Beyond Monologue: Interactive Talking-Listening Avatar Generation with Conversational Audio Context-Aware Kernels
Summary: arXiv:2604.10367v1 Announce Type: new
Abstract: Audio-driven human video generation has achieved remarkable success in monologue scenarios, largely driven by advancements in powerful video generation foundation models. Moving beyond monologues, authentic human communication is inherently a full-duplex interactive process, requiring virtual agents not only to articulate their own speech but also to react naturally to incoming conversational audio. Most existing methods simply extend conventional audio-driven paradigms to listening scenarios. However, relying on strict frame-to-frame alignment renders the model’s response to long-range conversational dynamics rigid, whereas directly introducing global attention catastrophically degrades lip synchronization. Recognizing the unique temporal Scale Discrepancy between talking and listening behaviors, we introduce a multi-head Gaussian kernel to explicitly inject this physical intuition into the model as a progressive temporal inductive bias.
Introduction
The landscape of digital communication is evolving with advancements in AI and machine learning, particularly in the realm of virtual avatars. This study explores the frontiers of audio-driven human video generation, focusing on the necessity of effective interaction between talking and listening behaviors in a digital environment.

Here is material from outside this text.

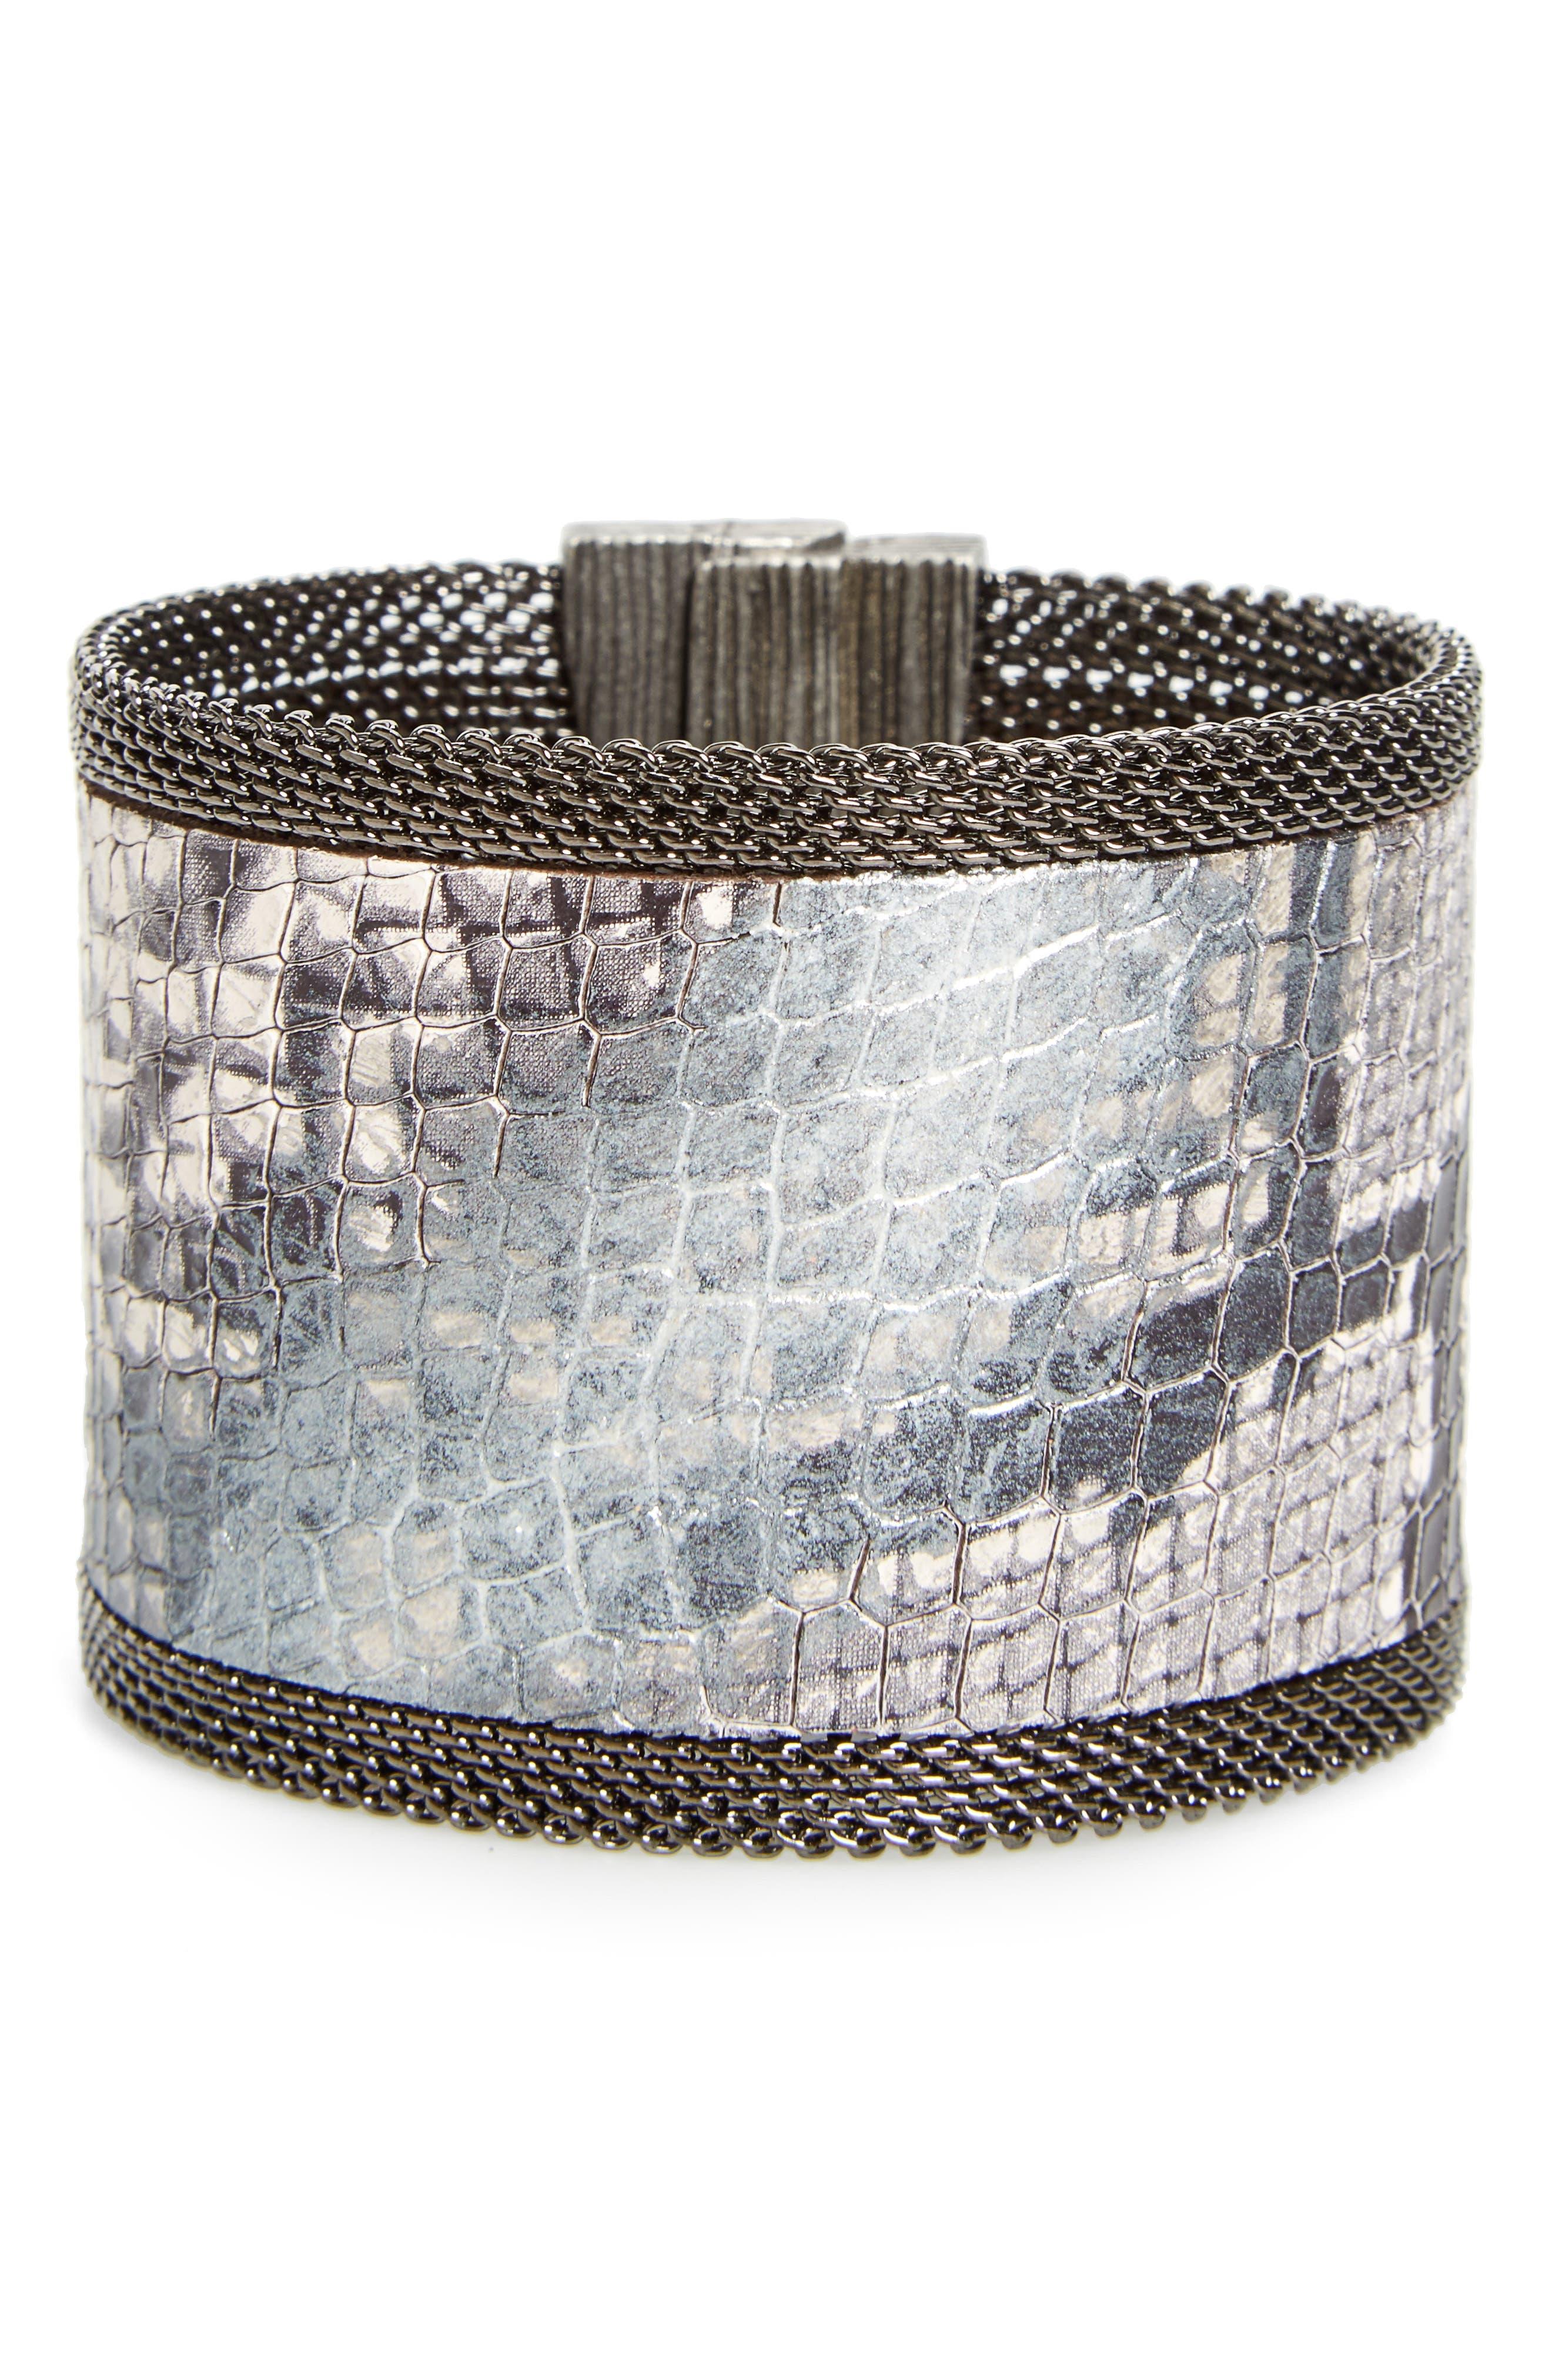 CYNTHIA DESSER Genuine Snakeskin Cuff

Challenges in Current Methods
While significant progress has been made in monologue scenarios, several challenges remain in achieving realistic interactive communication. Key issues include:
- Rigid Response Mechanisms: Current models often rely on frame-to-frame alignment, which hampers their ability to respond fluidly to conversational dynamics.
- Poor Lip Synchronization: Introducing global attention mechanisms can lead to synchronization issues, undermining the realism of the avatars.
- Temporal Scale Discrepancy: The differences in timing between speaking and listening require a more nuanced approach to model training and interaction.
Innovative Solutions
In response to these challenges, our team has developed a multi-head Gaussian kernel that allows for the integration of temporal inductive biases into the model. This innovative approach enables the construction of a full-duplex interactive virtual agent capable of processing dual-stream audio inputs effectively:
- Handling Dual-Stream Audio: The agent can engage in both talking and listening simultaneously, mimicking natural human interaction.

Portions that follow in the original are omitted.